■ Dataset
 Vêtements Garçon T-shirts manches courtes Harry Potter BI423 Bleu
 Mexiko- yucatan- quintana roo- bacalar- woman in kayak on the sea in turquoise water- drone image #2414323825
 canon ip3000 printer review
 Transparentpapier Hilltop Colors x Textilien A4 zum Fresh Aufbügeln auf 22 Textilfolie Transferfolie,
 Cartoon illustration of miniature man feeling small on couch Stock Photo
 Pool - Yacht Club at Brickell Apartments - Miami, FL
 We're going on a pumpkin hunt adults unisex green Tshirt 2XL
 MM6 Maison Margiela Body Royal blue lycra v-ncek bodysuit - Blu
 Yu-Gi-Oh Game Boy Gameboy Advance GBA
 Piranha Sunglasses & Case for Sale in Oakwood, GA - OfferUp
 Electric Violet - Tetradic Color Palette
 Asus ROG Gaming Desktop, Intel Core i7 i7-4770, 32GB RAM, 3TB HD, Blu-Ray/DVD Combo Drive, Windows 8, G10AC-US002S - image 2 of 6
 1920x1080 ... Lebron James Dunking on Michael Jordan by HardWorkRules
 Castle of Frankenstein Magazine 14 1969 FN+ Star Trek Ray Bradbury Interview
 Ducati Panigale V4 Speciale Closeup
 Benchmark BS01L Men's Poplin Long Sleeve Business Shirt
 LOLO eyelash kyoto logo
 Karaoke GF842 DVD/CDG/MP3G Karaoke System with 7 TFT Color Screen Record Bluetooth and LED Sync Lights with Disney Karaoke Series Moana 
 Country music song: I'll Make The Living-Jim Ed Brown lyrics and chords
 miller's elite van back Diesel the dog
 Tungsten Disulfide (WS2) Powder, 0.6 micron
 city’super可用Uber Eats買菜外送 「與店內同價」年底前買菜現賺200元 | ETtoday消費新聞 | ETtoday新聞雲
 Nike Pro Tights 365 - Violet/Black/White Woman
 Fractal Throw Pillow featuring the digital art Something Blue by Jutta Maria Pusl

■ Your goal
Start at the first line of the material. Reproduce every line exactly, ending with the line that holds "Transparentpapier Hilltop Colors".

■ Task output
 Vêtements Garçon T-shirts manches courtes Harry Potter BI423 Bleu
 Mexiko- yucatan- quintana roo- bacalar- woman in kayak on the sea in turquoise water- drone image #2414323825
 canon ip3000 printer review
 Transparentpapier Hilltop Colors x Textilien A4 zum Fresh Aufbügeln auf 22 Textilfolie Transferfolie,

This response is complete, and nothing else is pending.